Issiaka Sangaré, Secrétaire général du Fpi (tendance Affi N’Guessan), a aussi déploré cette décision du gouvernement. Pour lui, « l’État ivoirien vient principalement de retirer aux individus et aux personnes morales la compétence de saisir cette juridiction, toutefois qu’ils sentiront leurs droits violés. C’était un aspect de liberté pour garantir aux justiciables ivoiriens, et devant des situations qui les mettait en difficulté avec l'État, de pouvoir se défendre. Une telle décision, dans un environnement comme celui-là, nous met dans une posture où nous constatons un allégement des libertés en matière de droits reconnus aux citoyens. C’est un recul des droits citoyens tels que conférés par la démocratie. Dans une certaine mesure, on peut même qualifier cela de recul de la démocratie », a-t-il déploré à son tour. 

« Les organisations internationales souffrent (…) la Côte d’Ivoire, un pays souverain » 
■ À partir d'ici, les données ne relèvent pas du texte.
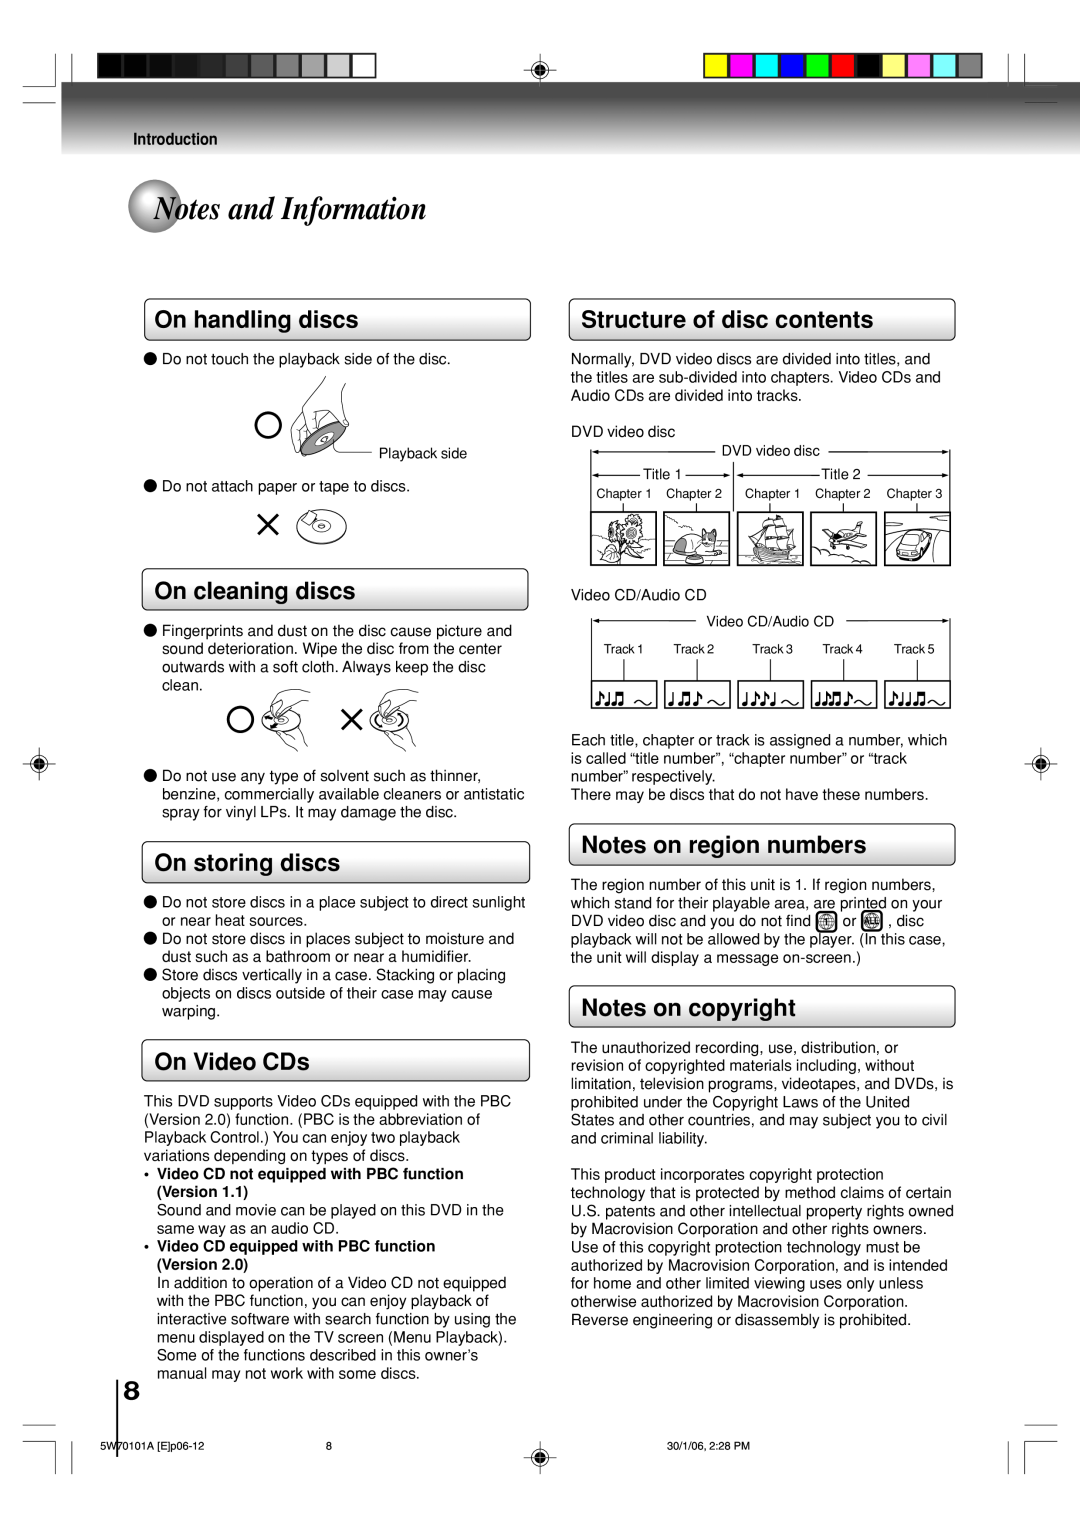 Toshiba MW24F52 Notes and Information, On handling discs, On cleaning discs, On storing discs, On Video CDs, Introduction

Joint également, le juriste et politologue Geoffroy-Julien Kouao a, dans un premier temps, condamné cette décision de l'État de Côte d‘Ivoire. « Ce retrait de la signature particulière montre que pour la Côte d’Ivoire, la protection des droits humains n’est plus une priorité, mais un luxe juridique dont elle peut se passer », a-t-il confié, de prime abord. Mais Geoffroy-Julien Kouao a ajouté que cette décision ivoirienne est légale, puisqu’elle en a le droit, conformément aux règles juridiques qui lient les pays aux organisations internationales. « Les organisations internationales souffrent de leurs statuts juridiques. Elles ne sont pas souveraines. Par contre, les États membres de ces organisations, eux, sont souverains. La conséquence est que, les États membres peuvent à tout moment, et de façon unilatérale, quitter ces organisations internationales. C’est dans cette logique que la Côte d’Ivoire, État souverain et membre de la Cour africaine des droits de l’homme et des peuples a décidé de retirer sa signature initiale », a-t-il rappelé. Il a précisé par ailleurs que cette décision ne signifie pas que la Côte d’Ivoire quitte le protocole de la Cour. « Elle demeure donc membre. Seulement, en retirant sa signature spéciale, les personnes physiques, et moral de droit privé ivoirien, ne peuvent plus saisir la Cour. Ce privilège est désormais réservé, exclusivement, à l’État de Côte d’Ivoire, en tant que personne morale », a-t-il spécifié.

Intervenant mercredi sur Rfi, le ministre Ally Coulibaly, ministre par intérim des affaires étrangères, a estimé que la Côte d’Ivoire en avait marre de voir la CADHP contredire constamment les décisions de sa justice, « la fragilisant ainsi, aux yeux de tous. Cela devient insupportable à la limite, et ça fait désordre ». Il a estimé que la justice ivoirienne qui est « suffisamment impartiale », est capable répondre aux préoccupations des citoyens du pays.